The bank will have a charge on the property, so the lender may repossess it if the home buyer does not make the mortgage payments. The bank can evict the tenants, sell the property and use the income to pay off the mortgage debt if there is a repossession.
There are various types of mortgages. Borrowers must still pay the same interest rates on fixed rate mortgages as they would for the initial terms of two, three or five years, even though fixed-rate mortgages are available in longer terms. The monthly payment never changes during the fixed rate term. The borrower would continue with the same payments if they have a fixed rate, even if the market interest rates go up. An increase or decrease in the market interest rate will not affect the borrower’s mortgage repayments if they have a fixed rate.

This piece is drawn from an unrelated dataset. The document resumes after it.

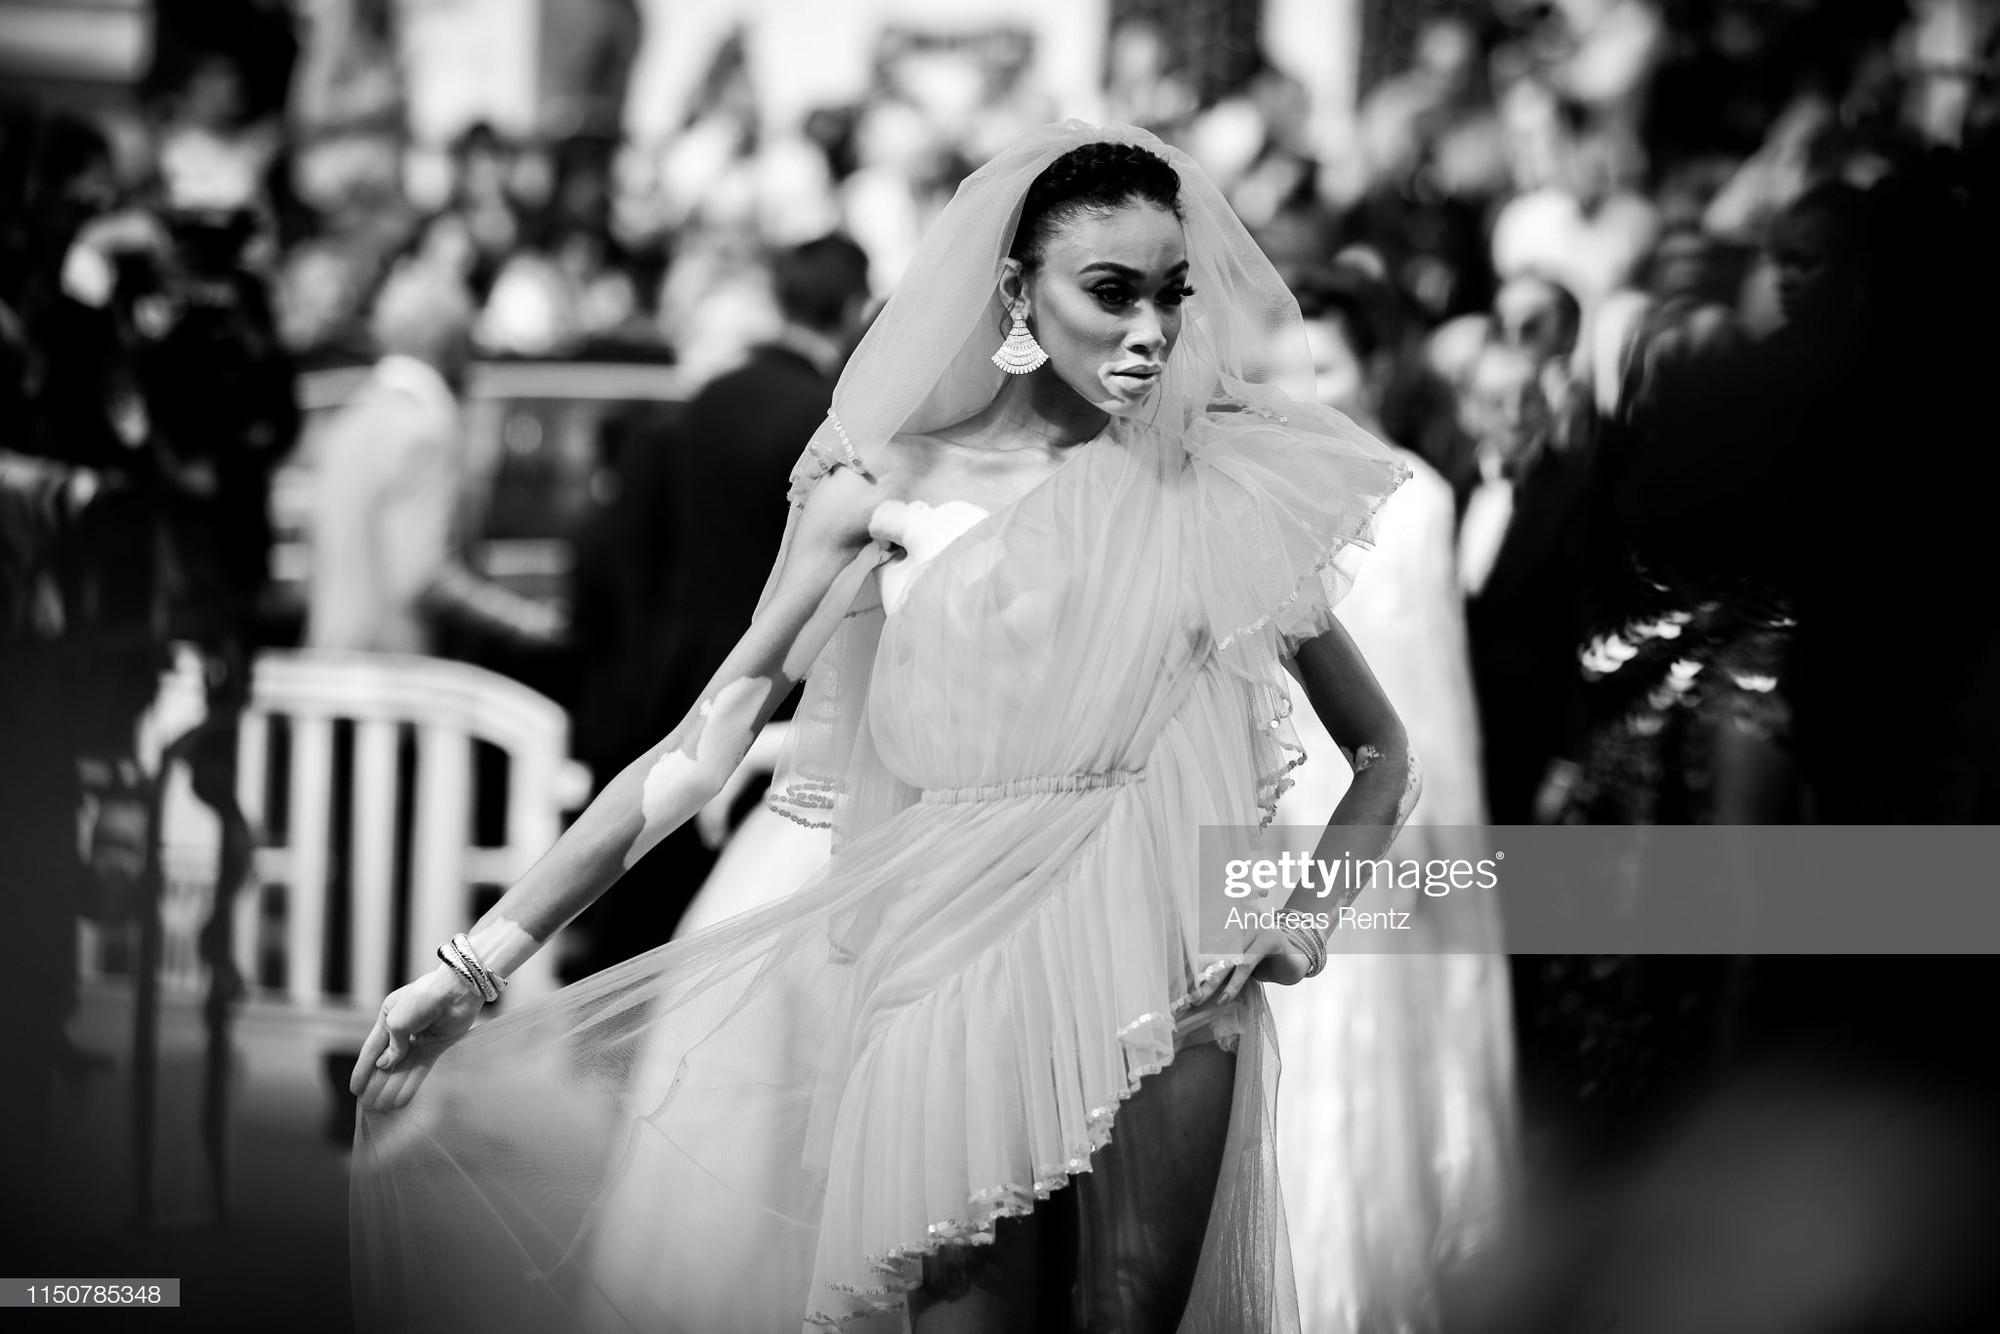 Top khoảnh khắc đắt giá nhất Cannes 2019: Dàn mỹ nhân 9X bất ngờ chiếm đa số, Selena và cặp đôi Brooklyn ấn tượng mạnh - Ảnh 19.

At the end of the fixed rate, your mortgage would revert to a ‘standard variable rate’ put in place by the lender, bank or building society from whom you borrow the money. If you have a diary system in place or a switched-on broker, you must remember to re-mortgage or contact your existing lender and change the rate three months before it increases to the variable rate. This is because the rates can increase or decrease as the lender sees fit, which will help you avoid higher monthly payments.
In fact, the initial interest rate is usually a low rate, which can make a mortgage appear less expensive than it is. The borrower might not be able to keep up with higher monthly payments, should the rates be later increased. Because the variable rates can change at any time, the monthly payments are unpredictable after the initial term.
Interest-only mortgages, tracker rates, offset mortgages, secured loans, buy to lets, and bridging loans are less-common types of mortgages that could be available, so contact an independent broker to discover your options. Our mortgage brokers in Aldgate can provide help for getting the best mortgage deal to suit your personal specifications and requirements.
Handy Tools and Calculators
Being aware of what you can borrow and the amount the loan will cost will make it simpler to plan your future. With this handy calculator, get a better understanding of how much your mortgage repayments will be, based on your full loan and interest rate. Just fill in those values, along with your term and press ‘Click to calculate’ to immediately see the amount you will have to repay per month.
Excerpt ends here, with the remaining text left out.